EDIT: added suggestion for CARGO_PROFILE_RELEASE_DEBUG=line-tables-only too CARGO_PROFILE_RELEASE_DEBUG=limited (maturin had an issue with line-tables-only)

StasEvseev commented 9 months ago

Hey @davidhewitt ! Thank for comprehensive answer!

What we are using is python docker image.
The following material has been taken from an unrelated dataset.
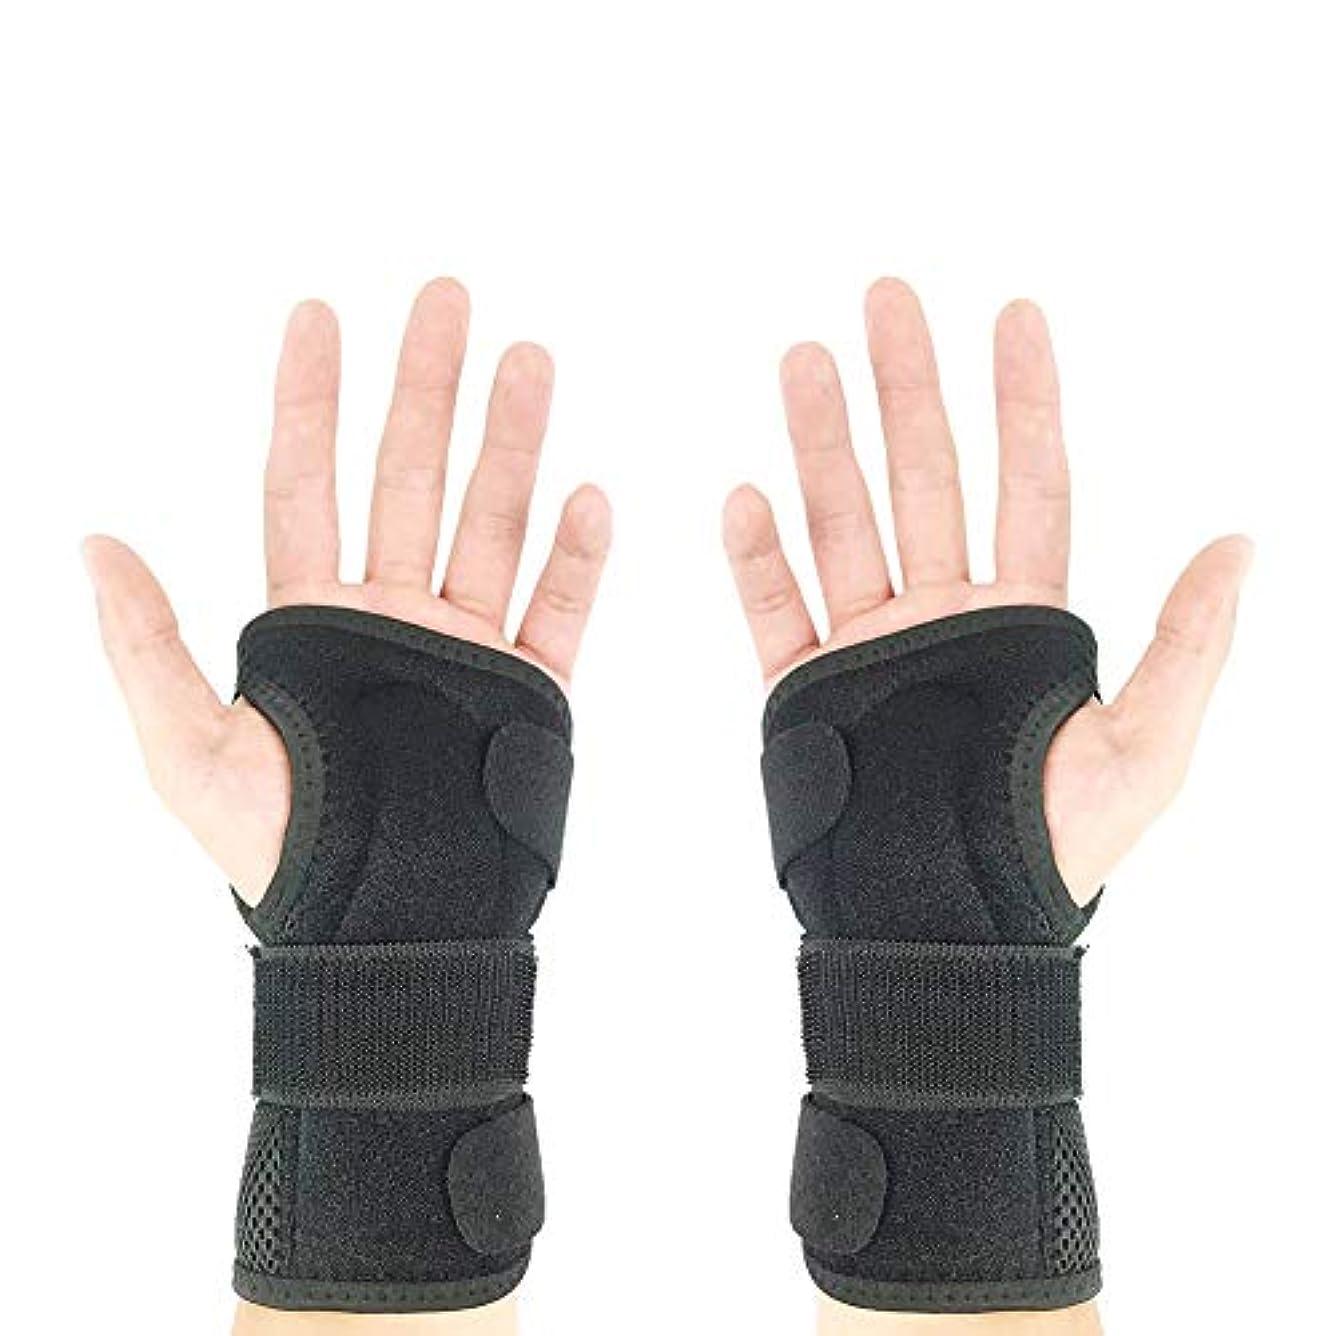 散歩に行くすごいにRadiya 手首 サポーター 手首 固定 通気サポーター 手首保護 捻挫 手根管症候群 腱鞘炎 骨折 サポーター 軽量2つアルミ製プレート 調節可能 フリーサイズ 男女兼用 (両手)
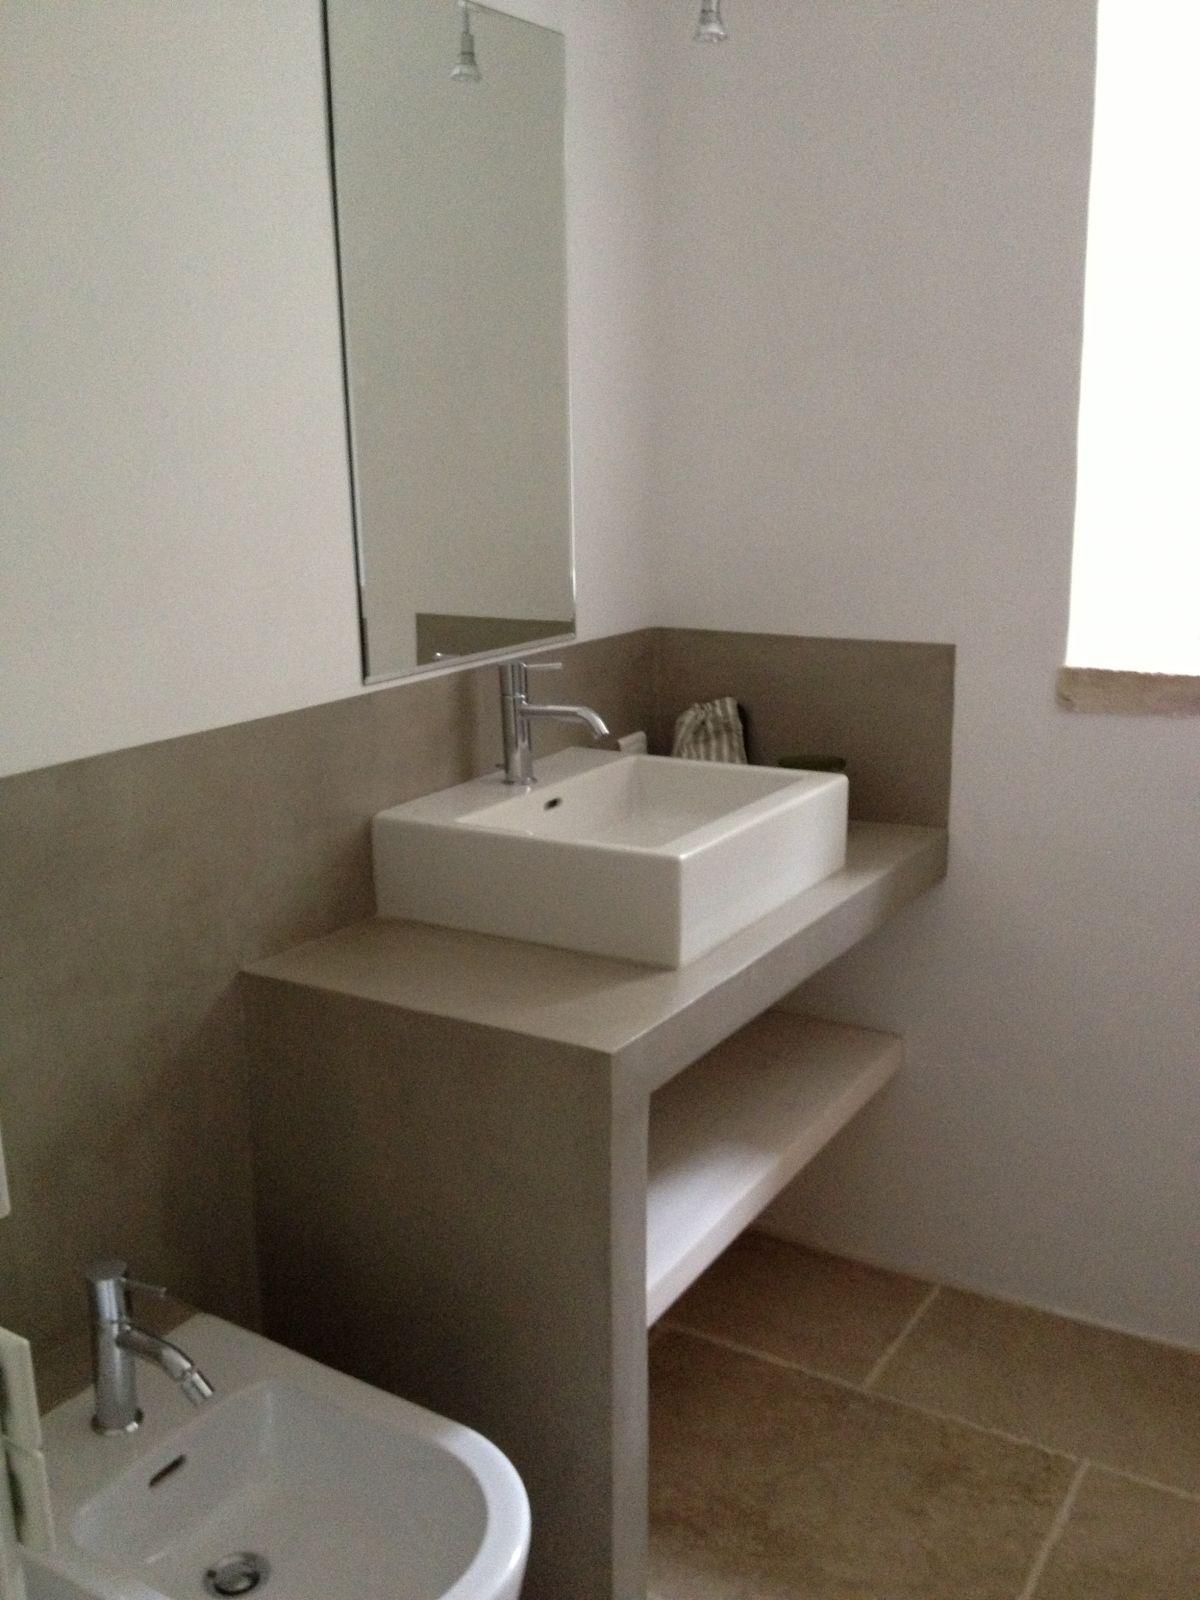 salle de bain vielles demeures d 39 occitanie entreprise r novation situ e dans le gard. Black Bedroom Furniture Sets. Home Design Ideas

I don't see where python build got stripped, but this is what I see on the container:

/usr/local/bin/python3.12: ELF 64-bit LSB pie executable, x86-64, version 1 (SYSV), dynamically linked, interpreter /lib64/ld-linux-x86-64.so.2, BuildID[sha1]=e1466a54058de9be791ef96f61c8e185388684eb, for GNU/Linux 3.2.0, stripped

Link to docker source https://github.com/docker-library/python/blob/b7b91ef359a740a91caeabce414ce4ee70fd2b23/3.11/bookworm/Dockerfile#L44.

I might try to build custom python with your suggested flags.

davidhewitt commented 9 months ago

If I had to guess, the stripping is done as a linker argument via

    LDFLAGS="$(dpkg-buildflags --get LDFLAGS)"; \
bogdandm commented 9 months ago

We also have same or similar problem.

18/Oct/2023 13:12:33.283 ERROR [common.components.base.base:303] ../Objects/dictobject.c:1899: bad argument to internal function
Traceback (most recent call last):
  File ".../common/components/base.py", line 299, in _get_data
    result[comp.name] = comp.get_data(context_storage=context_storage, data_storage=data_storage)
                        ^^^^^^^^^^^^^^^^^^^^^^^^^^^^^^^^^^^^^^^^^^^^^^^^^^^^^^^^^^^^^^^^^^^^^^^^^
  File ".../common/components/base.py", line 136, in get_data
    data = self._get_data(context_storage, data_storage)
           ^^^^^^^^^^^^^^^^^^^^^^^^^^^^^^^^^^^^^^^^^^^^^
  File ".../common/components/base.py", line 212, in _get_data
    data = component.get_data(context=context)
           ^^^^^^^^^^^^^^^^^^^^^^^^^^^^^^^^^^^
  File ".../common/components/base.py", line 80, in get_data
    return self._get_data(context=context)
           ^^^^^^^^^^^^^^^^^^^^^^^^^^^^^^^
  File ".../tv_site/components/data/request_context.py", line 102, in _get_data
    return self.get_instance_result_model().model_validate(request)
           ^^^^^^^^^^^^^^^^^^^^^^^^^^^^^^^^^^^^^^^^^^^^^^^^^^^^^^^^
  File ".../venv/lib/python3.11/site-packages/pydantic/main.py", line 503, in model_validate
    return cls.__pydantic_validator__.validate_python(
           ^^^^^^^^^^^^^^^^^^^^^^^^^^^^^^^^^^^^^^^^^^^
SystemError: ../Objects/dictobject.c:1899: bad argument to internal function
Fatal Python error: Segmentation fault
/* CAUTION: PyDict_SetItem() must guarantee that it won't resize the
 * dictionary if it's merely replacing the value for an existing key.
 * This means that it's safe to loop over a dictionary with PyDict_Next()
 * and occasionally replace a value -- but you can't insert new keys or
 * remove them.
 */
int
PyDict_SetItem(PyObject *op, PyObject *key, PyObject *value)
{
    if (!PyDict_Check(op)) {
        PyErr_BadInternalCall(); // <------ This line
        return -1;
    }
    assert(key);
    assert(value);
    Py_INCREF(key);
    Py_INCREF(value);
    return _PyDict_SetItem_Take2((PyDictObject *)op, key, value);
}

(or just seg fault without any usefull message or traceback)

Python 3.11.5
Ubuntu 22.04.3 LTS
pydantic==2.4.2
pydantic_core==2.10.1
gevent==23.9.1
gunicorn==21.2.0

I can reproduce it locally with one worker setup. But unfortunately I can not figure out minimal code example, it just happens from time to time.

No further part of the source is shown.